3. **Parallel tool calls.** Claude Code often calls multiple tools in parallel. If one returns
   `isError: true`, all sibling calls are aborted. This is why `RecoverableError` (which sets
   `isError: false`) is preferred for expected failures — it lets sibling calls complete.

4. **Hint-following behavior.** When overflow includes a concrete `hint`, Claude reliably uses
   the exact parameters suggested. When the hint is vague, Claude either guesses parameters
   (often wrong) or abandons the approach. Concrete hints have dramatically better follow-through.

5. **`by_file` as decision aid.** When the LLM sees a file distribution, it can match file paths
   against its understanding of the project (from prior `tree` calls or its conversation
   context) to pick the right file.
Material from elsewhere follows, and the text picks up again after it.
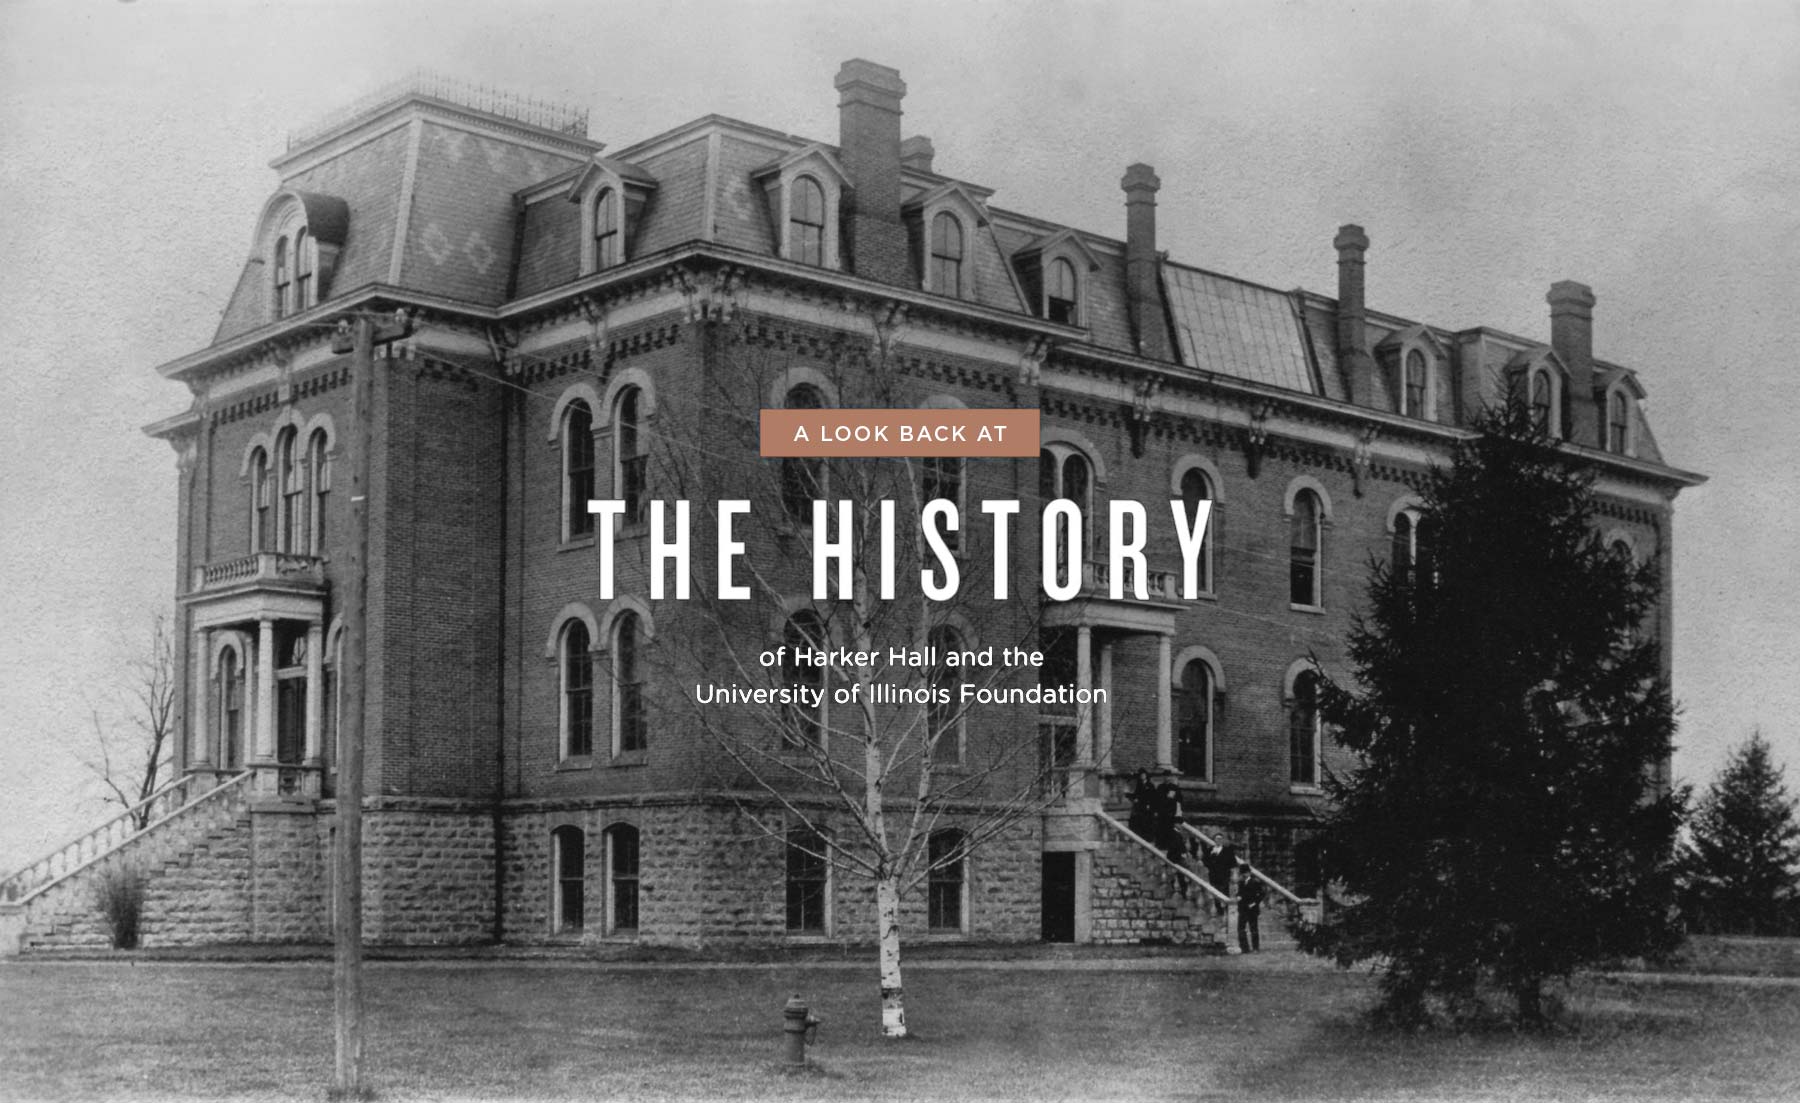 A look back at the history of Harker Hall and the University of Illinois Foundation

This is faster and more reliable than scanning 50 result
   items.

---

## Human-Facing Output

The `format_for_user()` method produces output shown to the human watching Claude work in
the Claude Code terminal. This is separate from the JSON returned to the LLM.
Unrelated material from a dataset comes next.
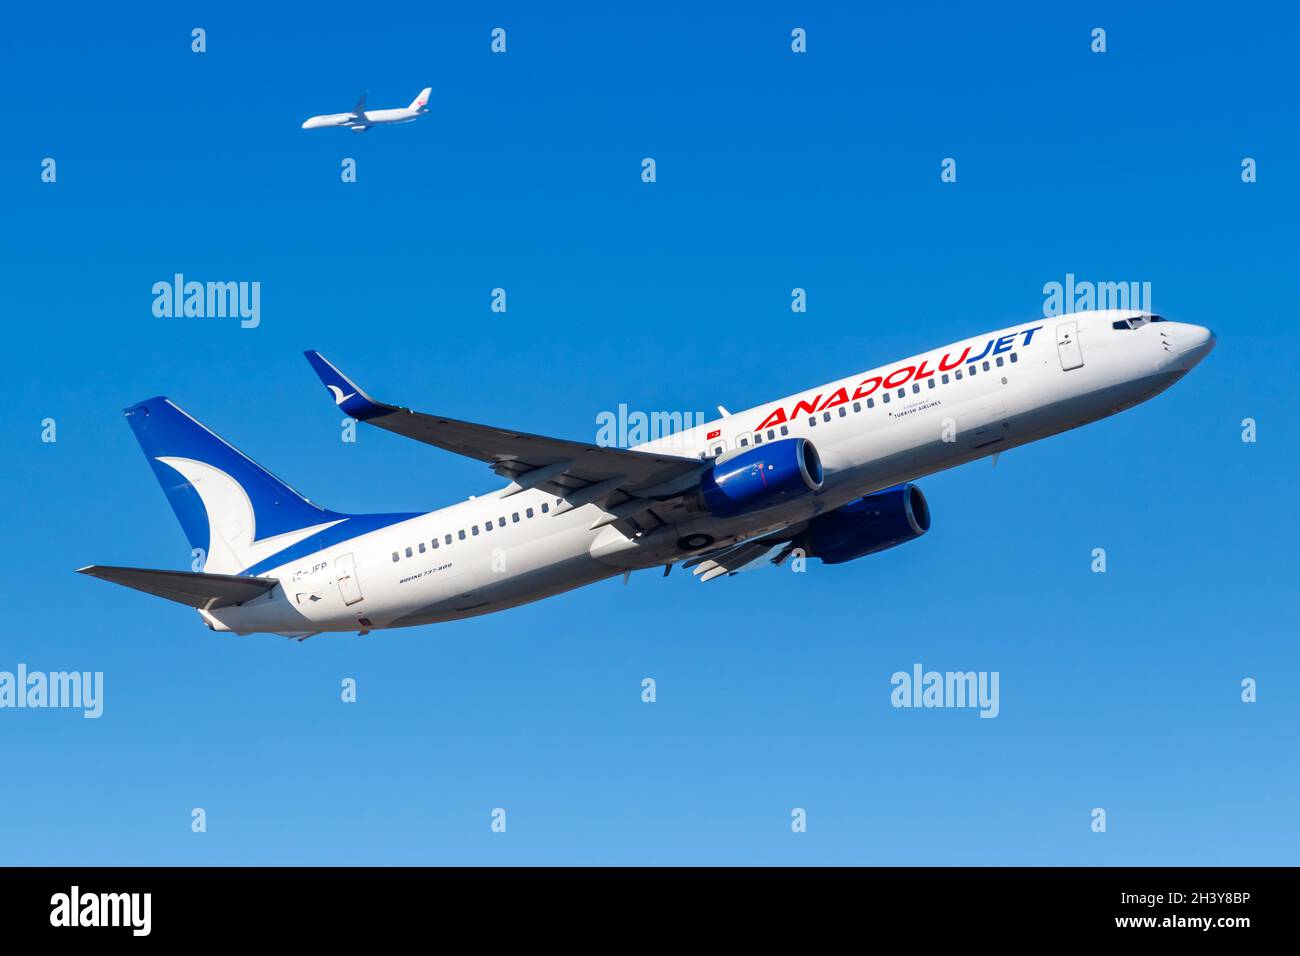 AnadoluJet Boeing 737-800 aircraft Frankfurt Airport in Germany Stock Photo

**The rule:** If a tool fetches data, its `format_for_user()` must show at least a compact
preview of that data — not just a count.

**Why:** Counts are metadata. The human cannot tell from `"7 topics"` whether Claude found
the right topic, or from `"12 refs"` where those references are. Showing data lets the
human verify Claude is on the right track without inspecting the LLM's full conversation
context.

**What "compact preview" means:**
- Collections (topics, libraries, references): first 5–8 items, then `… +N more`
- Memory content: full content (it's already fetched; hiding it helps nobody)
- Stats tables: cap at 10 rows, sort by most-relevant metric descending
- Author breakdowns: cap at 5 entries sorted by line count descending

**Anti-pattern:** Count-only output when data is available.
```
Bad: `"7 topics"` — count with no names
Bad: `"12 refs"` — count with no locations
Good: `"7 topics\n  architecture\n  conventions\n  …"`
```

---

## Checklist for New Tools

When adding a tool that returns variable-length data:

- [ ] Use `OutputGuard::from_input(&input)` to parse `detail_level`, `offset`, `limit`
- [ ] Call `guard.cap_items()` or `guard.cap_files()` before returning
- [ ] Construct an overflow hint with concrete parameter examples using values from the actual results
- [ ] If the tool searches across files, compute `by_file` from the full result set before capping
- [ ] If the tool has domain-specific filters, mention them in the overflow hint
- [ ] Test: result under cap → no overflow block
- [ ] Test: result over cap → overflow has correct `shown`, `total`, actionable `hint`
- [ ] Test: the tool never exceeds ~25K tokens of output in any realistic scenario
- [ ] Add the overflow→refine pattern to `server_instructions.md` if this is a new tool category
- [ ] If the tool fetches data, does `format_for_user()` preview that data (not just count it)?
- [ ] Is the preview capped (5–8 items) to avoid verbosity?
- [ ] Is there a `… +N more` trailer when items are omitted?

---

## File References

| File | Role |
|------|------|
| `src/tools/output.rs` | `OutputGuard`, `OverflowInfo`, `cap_items`, `cap_files`, `overflow_json` |
| `src/tools/symbol.rs` | `collect_matching`, `build_by_file`, `matches_kind_filter` |
| `src/prompts/server_instructions.md` | LLM-facing tool guidance (sent at connection time) |
| `docs/plans/2026-02-25-progressive-disclosure-design.md` | Original two-mode design |
| `docs/plans/2026-02-28-progressive-discoverability-design.md` | Extended design for symbol tools |
| `docs/plans/2026-02-28-progressive-discoverability-impl.md` | Implementation plan |

---

## Changelog

- **2026-02-28:** Initial version. Codified from progressive discoverability design review.
  Covers overflow hints, `by_file`, kind filters, cap rationale, and Claude Code behavior model.